# I'm gonna need a heart transplant



## WABOOM (Oct 15, 2015)

@Rondo just devastated my world by reading my mind and sending some larger ISOM's. I've been wanting a few more of this type on hand. ((((BEAUTIFUL)))) Salamones from '08 !!! Also some VR Don Alejandro (double corona?) I'm stunned by this generosity. Thank you very much Ron. 
-Casey


----------



## Alrightdriver (May 2, 2017)

Very nice!! And well deserved!

Sent from my SM-S727VL using Tapatalk


----------



## Matt_21 (May 15, 2014)

He's a great BOTL!
Nice hit!


----------



## msmith1986 (Apr 24, 2017)

Awesomeness

Sent from my LG-H830 using Tapatalk


----------



## blackrabbit (Jan 29, 2017)

Wow! Great stuff!


----------



## rvillegachapa (May 4, 2016)

That is awesome, I have tried the smaller Cuaba Vitola, I think the Divinos. Flavor was amazing. You are going to enjoy them for sure! The Salamone is on my list!


----------



## UBC03 (Nov 18, 2015)

Dammit.. You scared the hell outta me..

Nice hit Ron

sent from Joe's other recliner.. everything has come full circle..


----------



## rvillegachapa (May 4, 2016)

As a matter of fact, here is a pic of two (They are actually Tradicionales not Divinos as I stated on my prevous post) I put in my 65% Rh test travel case this evening. I am considering changing my RH to 65% overall. Sorry I do not mean to hi jack your thread I just couldn't resist when I saw you Salomones!


----------



## Sophie0503 (Jan 20, 2018)

Wow, that’s a nice surprise right there..


----------



## Kidvegas (Oct 17, 2016)

Stupendous!


Sent from my Recliner


----------



## poppajon75 (Apr 10, 2016)

Sweet!
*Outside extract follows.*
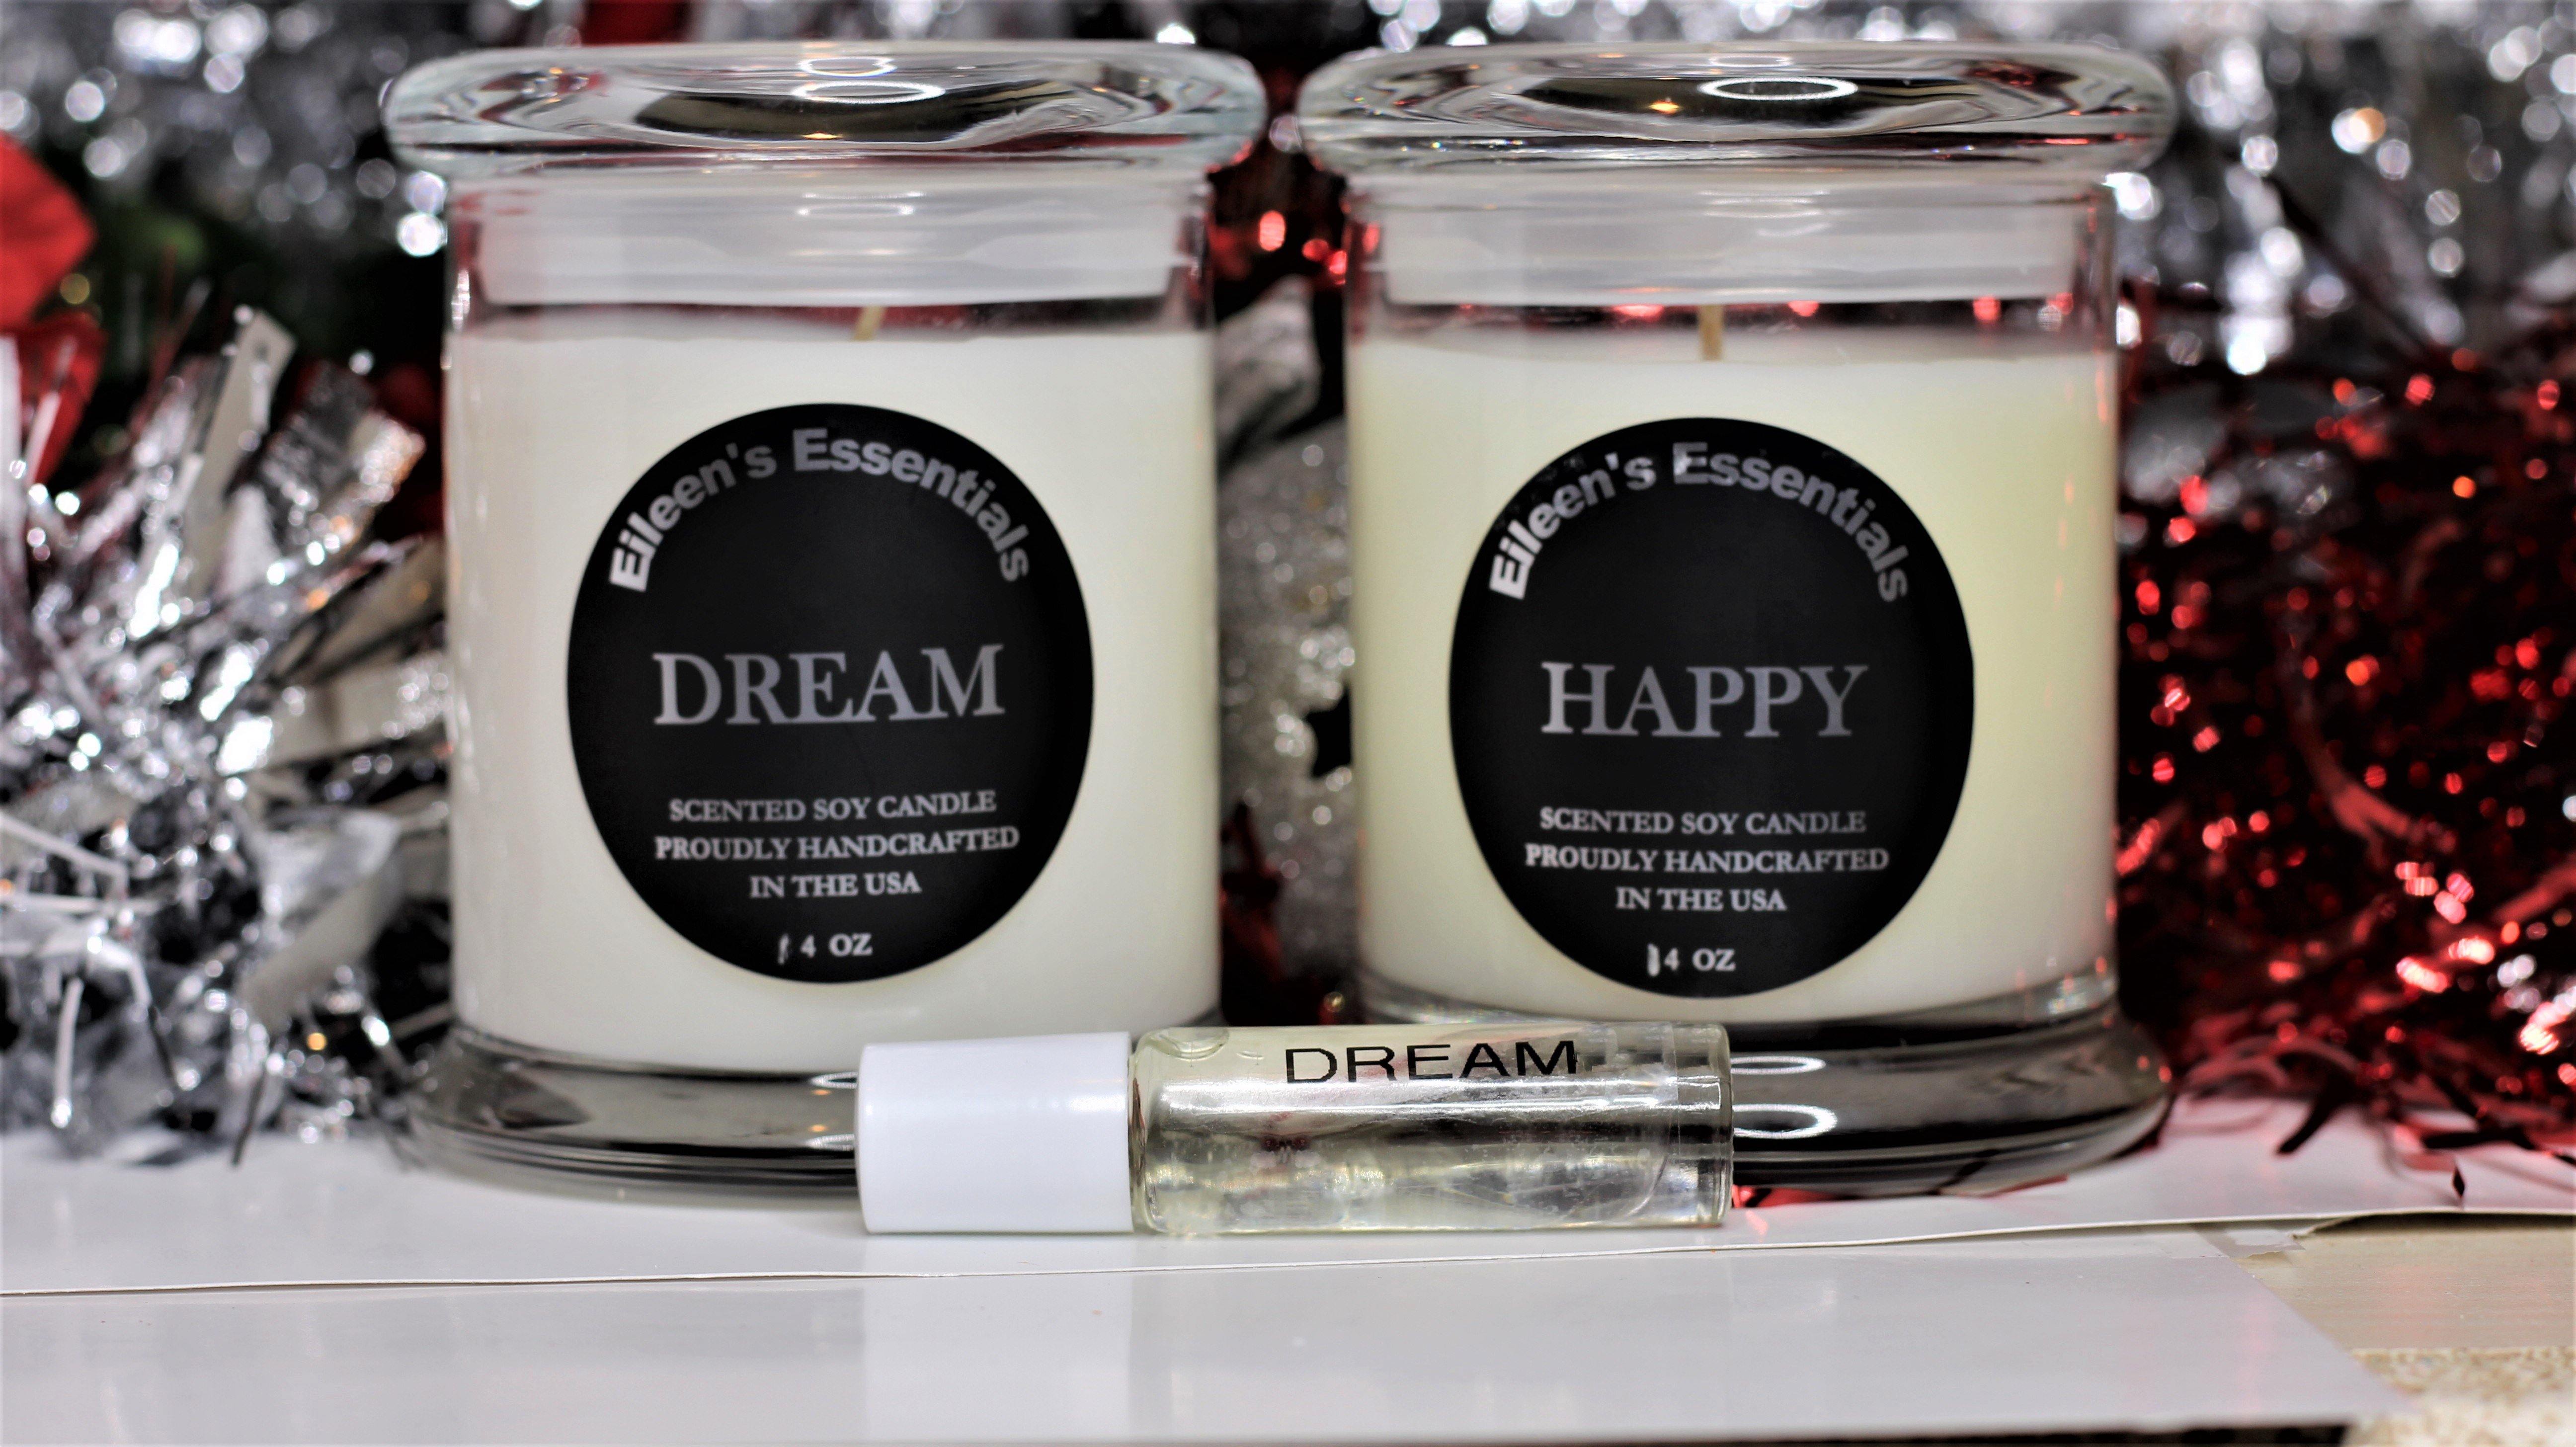 Inspirational Glass Candle; DREAM - Eileen's Essentials

I bet it was Einstein's idea but, without thumbs Ron had to lend him a hand 

Sent from the PUFF cigar lounge.


----------



## WABOOM (Oct 15, 2015)

@Hudabear ... where did you disappear to for like 2 full years???


----------



## Bird-Dog (Oct 16, 2009)

Rondifferous hit @Rondo!


----------



## Piper (Nov 30, 2008)

Just had my first Cuaba Salamones this weekend. Fantastic smoke and it was only 2 years old! You're gonna love it @WABOOM. Great bomb @Rondo.


----------



## WNYTony (Feb 12, 2014)

Damn classy for a shirtless guy @Rondo !


----------



## ebnash (Mar 5, 2017)

Big style!

Truly a generous brother, @Rondo


----------



## Rondo (Sep 9, 2015)

Sorry, Boomah, I’m on the organ harvesting team. Someone else will have to complete the transplant. Enjoy them while you still can.


----------



## Gummy Jones (Mar 30, 2017)

Nice hit

Looks tasty


----------



## WABOOM (Oct 15, 2015)

Rondo said:


> Sorry, Boomah, I'm on the organ harvesting team. Someone else will have to complete the transplant. Enjoy them while you still can.


I guess I'm ready since you've stolen my heart... lol


----------



## Westside Threat (Oct 25, 2016)

Very nice!


----------



## LeatherNeck (Feb 8, 2017)

Awesomeness right there!


----------